Rob Hirschfeld: Yeah, doing repetitive work like that is ... The challenge is you're going to be replaced by a robot if that's what you're doing.
Funny anecdote, I was hearing from the company that does a lot of work with Chinese data centers. In China, labor is super cheap. They're not doing manual installs anymore. It's come to the point where they must automate the installs because even though they have labor that effectively costs nothing, it's not fast enough or accurate enough. It's not repeatable enough. They are investing in automation.
When I was first dealing with Asian companies where they have very inexpensive labor, it was very hard to sell automated solutions because they were, "We just have a team of 10 guys per rack who babysit the rack." Not quite that, but on that scale. We're getting to a point where it's just not an option anymore.
When you look at those problems and helping people survive for that, it really is a question of getting out of your own way. It's worth mentioning this thing called Jevon's paradox. If you haven't heard of it.
Jevon's paradox says that the easier it is to consume and the less expensive something is to consume the more people consume.
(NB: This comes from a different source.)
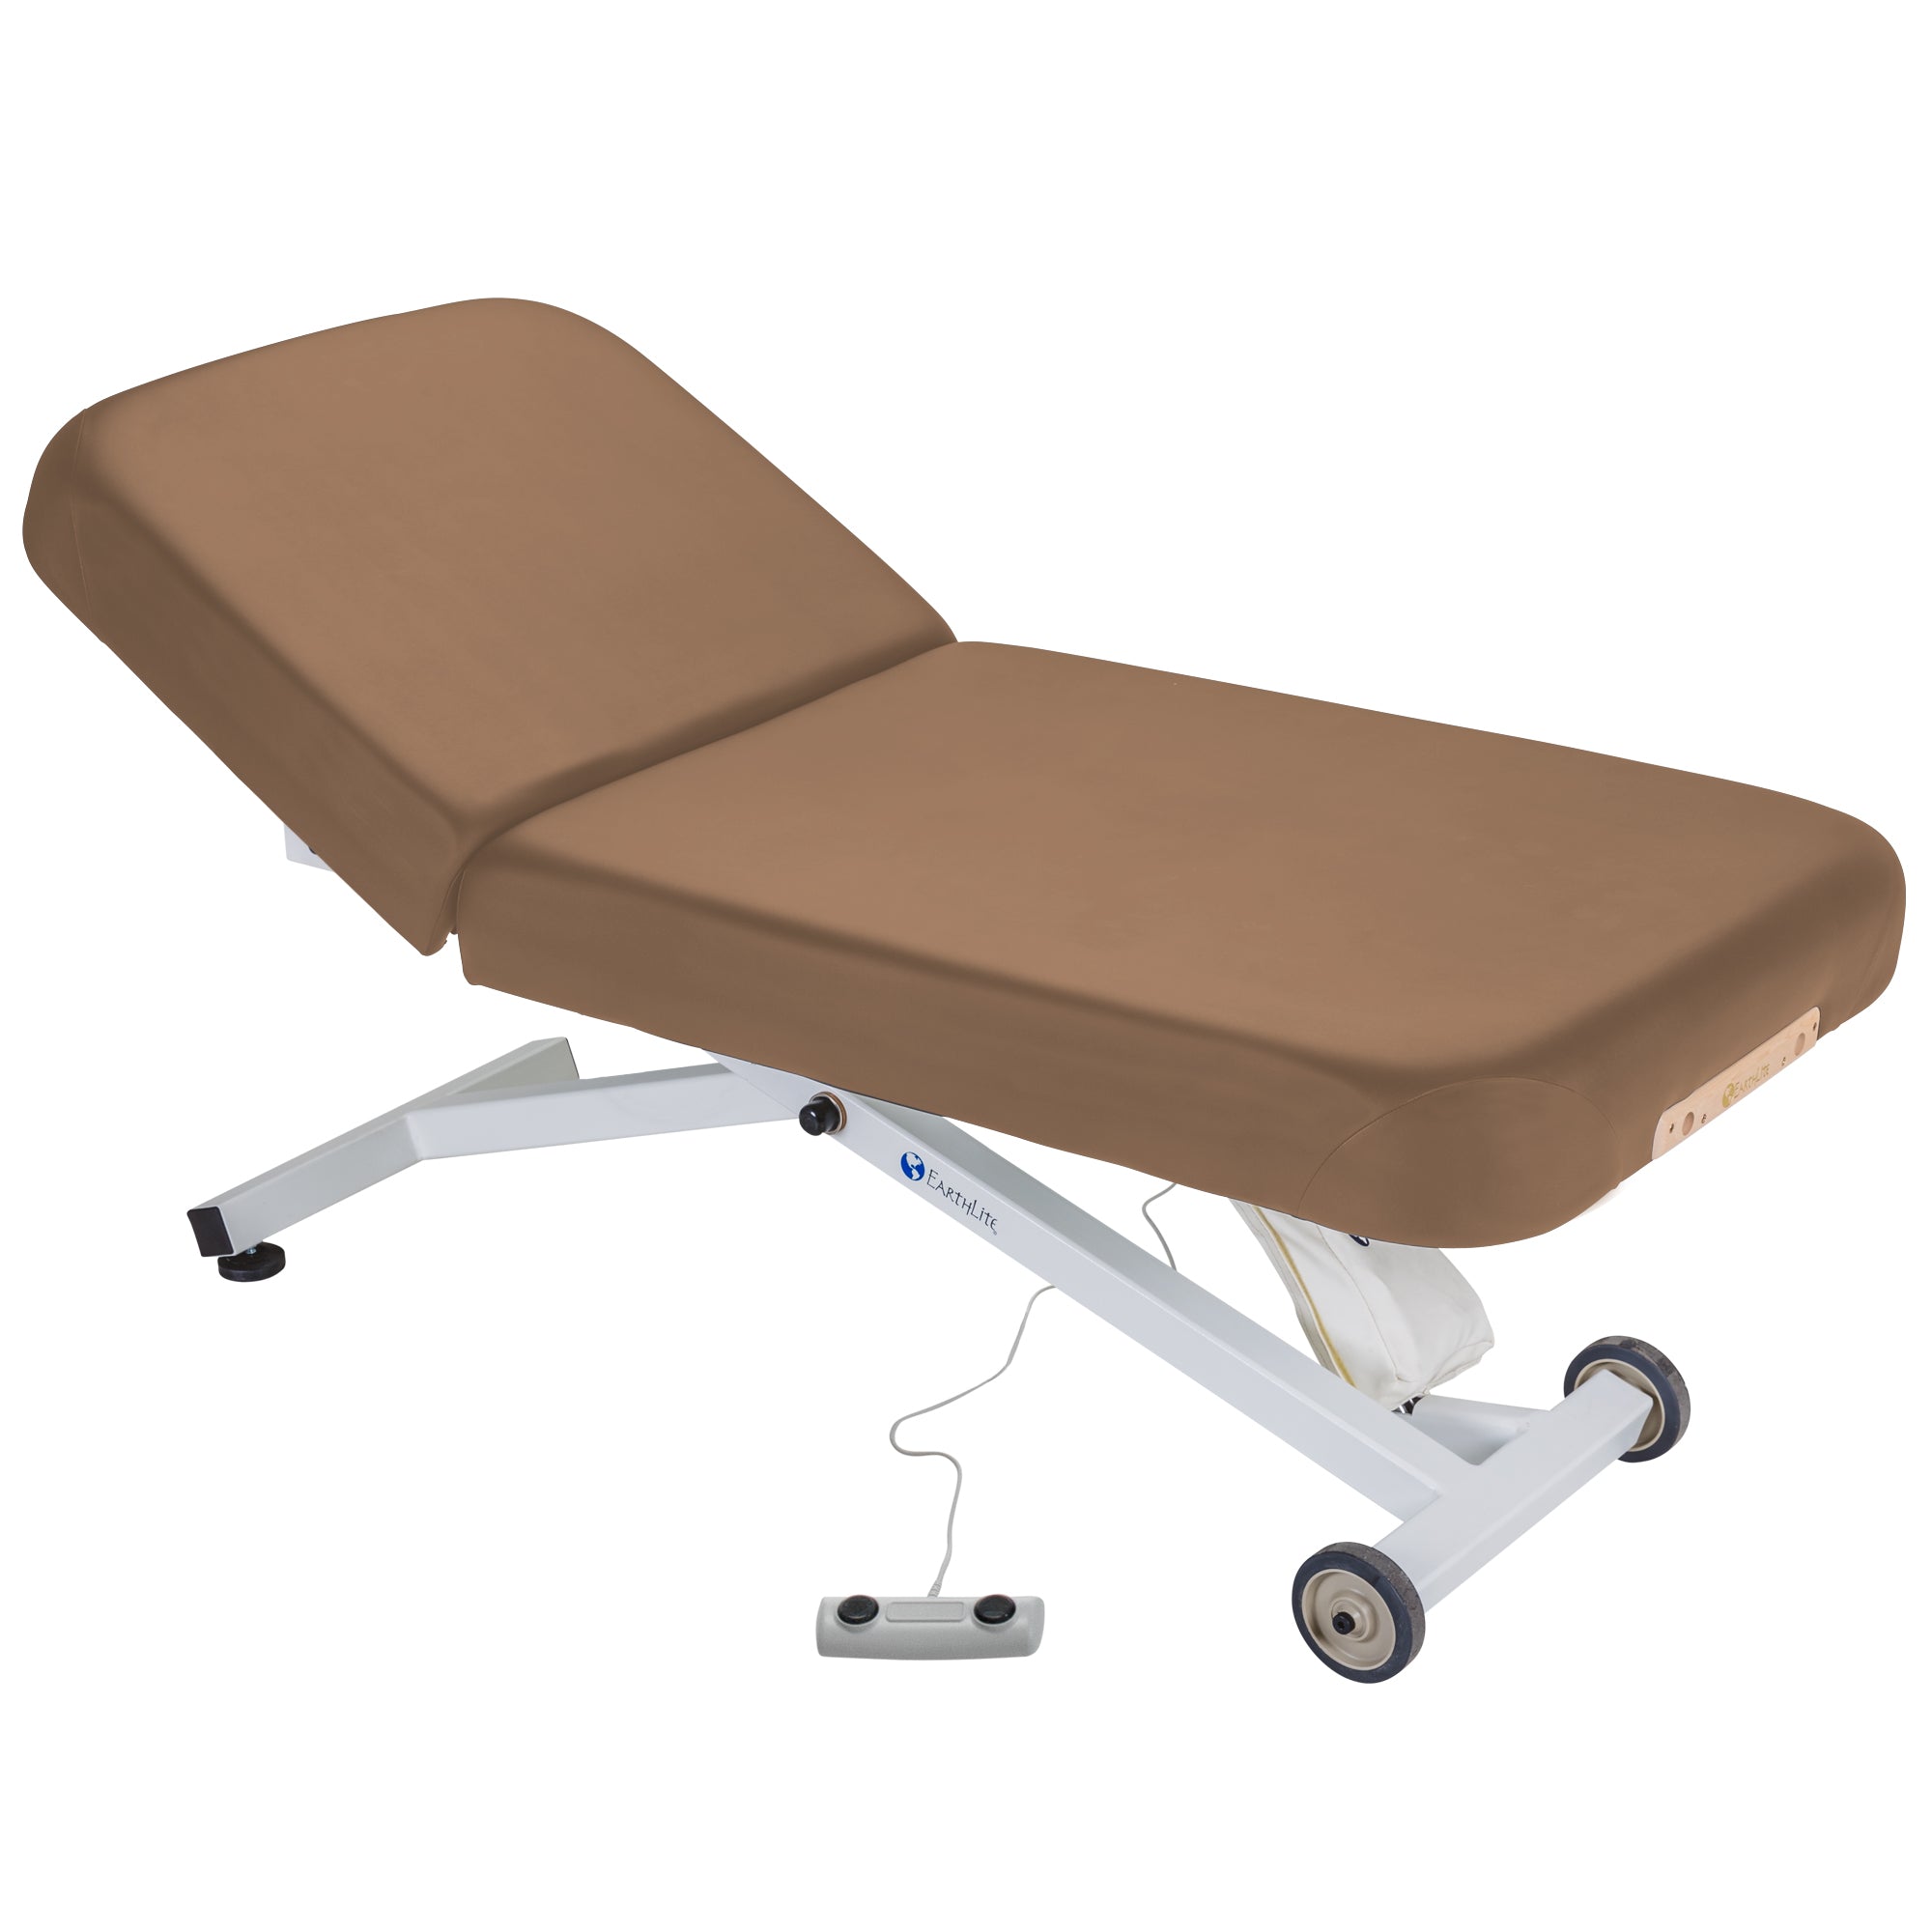 EarthLite Ellora™ Electric Hydraulic Lift Massage Table

When cars improve their fuel efficiency people actually drive more and consume more gas. IT is definitely in that. The more an IT organization makes it easier to consume IT the more ... You literally work yourself ... The more you automate the more you make those things, actual more work you're creating for yourself.
Art Fewell: We've talked a lot about OpenStack and how OpenStack governance and things that are changing and you touched on a little bit about OpenStack networking. I'm curious, we've had NOVA Networking and we have Neutron. One of the initial challenges with Neutron versus NOVA Networking is that you couldn't have redundancy in your network nodes, right?
I'm curious, what do you see is the key challenges and the key things that are happening from that networking perspective from your perspective?
Rob Hirschfeld: Networking has been a real challenge and I think that we're not done. I think that we've made a lot of progress, things have been moving really fast for networking. If you look at the major plays in OpenStack networking, I'd be very direct about this. They are almost replacing OpenStack networking.
Open Contrails and MidoNet, two of the big OpenStack Neutron plugins effectively replace most of the plugins. People are not sure if you can use open vSwitch and create a scalable OpenStack architecture. I think it's just going to take time.